Hard Times Essay, Research Paper Times That Truly Were Hard When we think of hard times in today’s world, our thoughts might consist of the number of days before we get paid, an argument with our spouse, or simply that our car is not operating so great these days. Most people today can not begin to imagine what hard times were like during the Industrial Revolution.

Hard Times Essay, Research Paper

Times That Truly Were Hard

When we think of hard times in today’s world, our thoughts might consist of the number of days before we get paid, an argument with our spouse, or simply that our car is not operating so great these days. Most people today can not begin to imagine what hard times were like during the Industrial Revolution. In nineteenth century England, hard times to the factory workers may have consisted of watching one’s nine-year-old child tied to a machine in the mill for fourteen hours a day. It is no wonder why the writers of this period protested society through the voices of their writings. One of the greatest of these writers was Charles Dickens, who made his voice of protest through a literary masterpiece known as Hard Times. There are many aspects of Hard Times, and Dickens manages to capture what life was like for all of the social classes of his day through each individual character with his protests against the horrible ways in which people were treating one another in the times that truly were hard.

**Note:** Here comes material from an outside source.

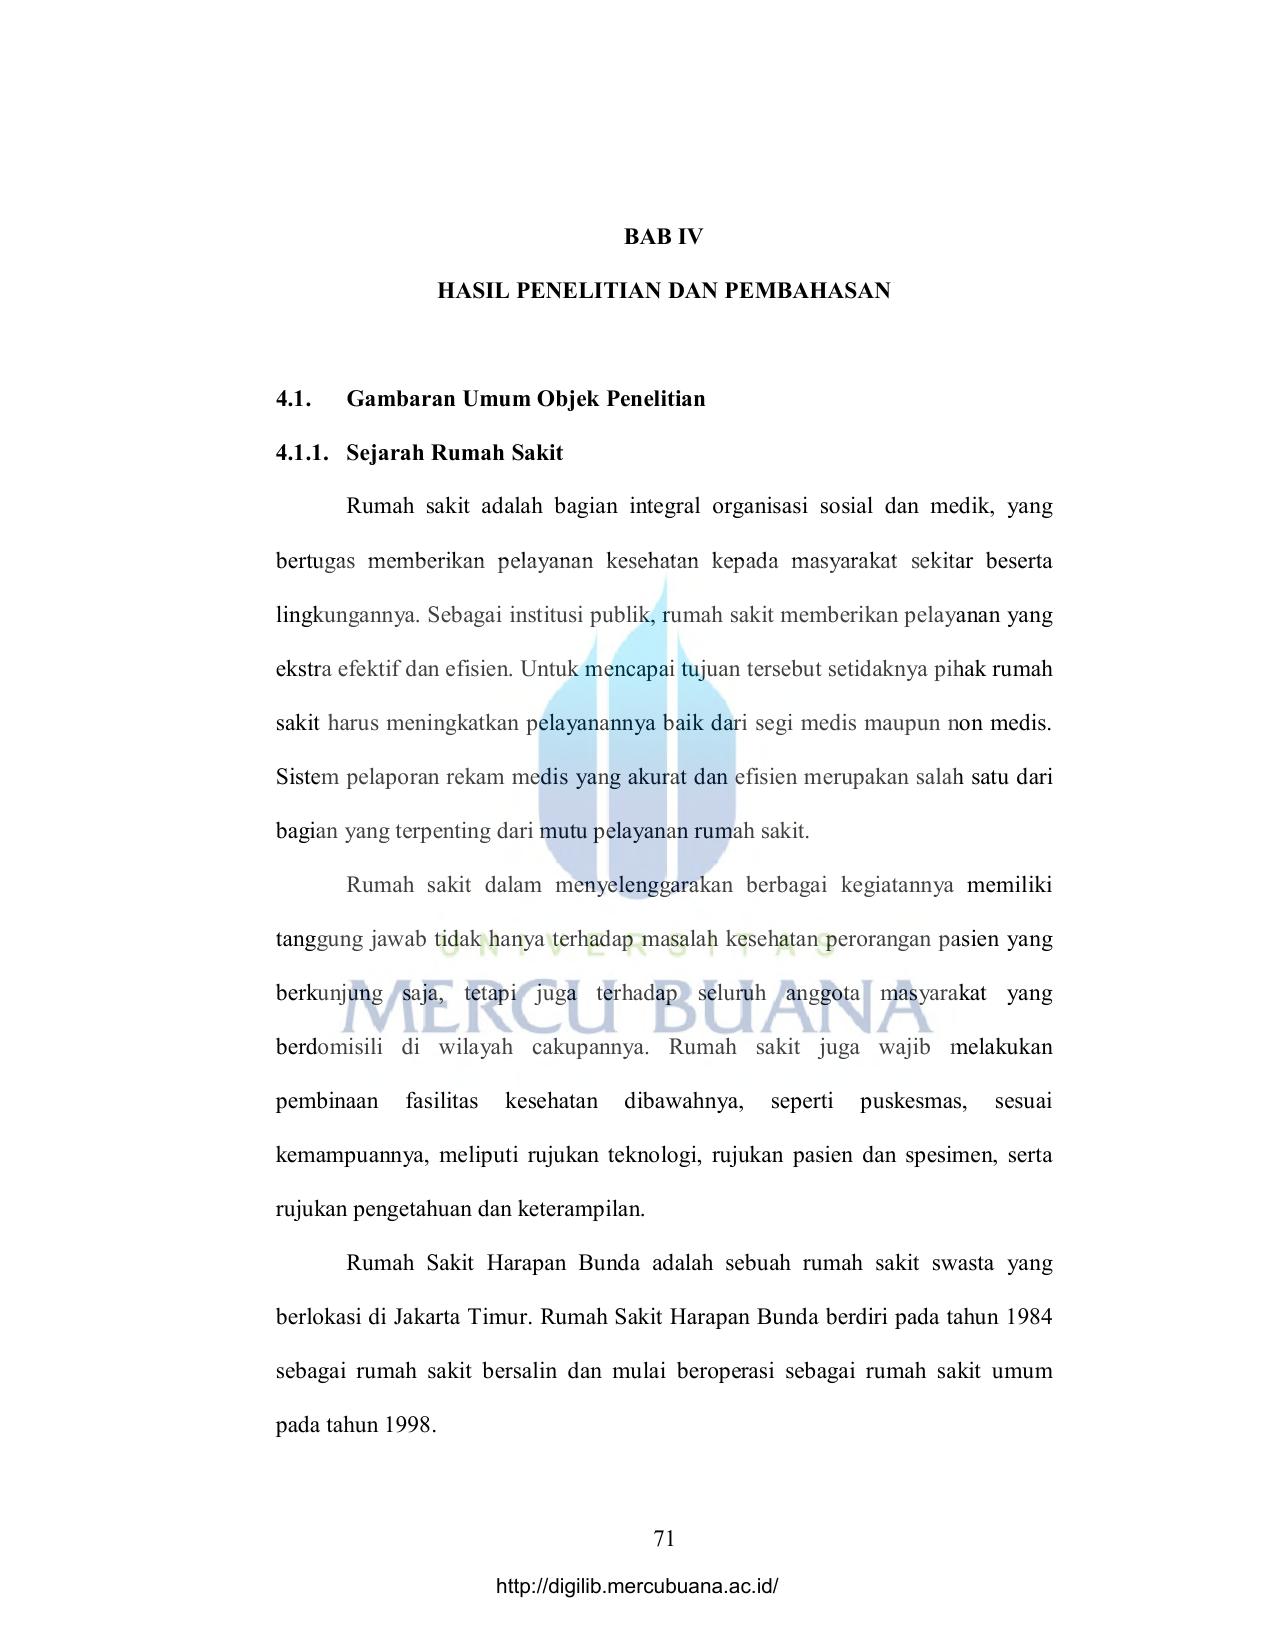 71 bab iv hasil penelitian dan pembahasan 41 gambaran ccuart Images

Dickens put a great deal of thought and research into all of his works, just as he did in Hard Times. As one writer states, “He visited Preston to get material for the industrial and trade-union aspects of the novel; a few weeks latter he began to collect circus slang” (Collins 29). He latter obtained the Educational Board’s series of questions for the examination of teachers in schools. On April 1, 1854, Hard Times appeared in a weekly journal, Household Words, which Dickens edited.

Some people believe that Dickens “was determined to create a means where he could communicate his ideas on social reform so in 1850 he began editing Household Words” (Ford 16). One author states that “by 1851 the twenty-four page Household Words was selling 40,000 copies a week” (Gray 2). The weekly journal included articles on politics, science and history. To increase the number of people willing to buy Household Words, it also contained short stories and humorous pieces. Dickens also used the journal to serialize novels that were concerned with social issues such as Hard Times.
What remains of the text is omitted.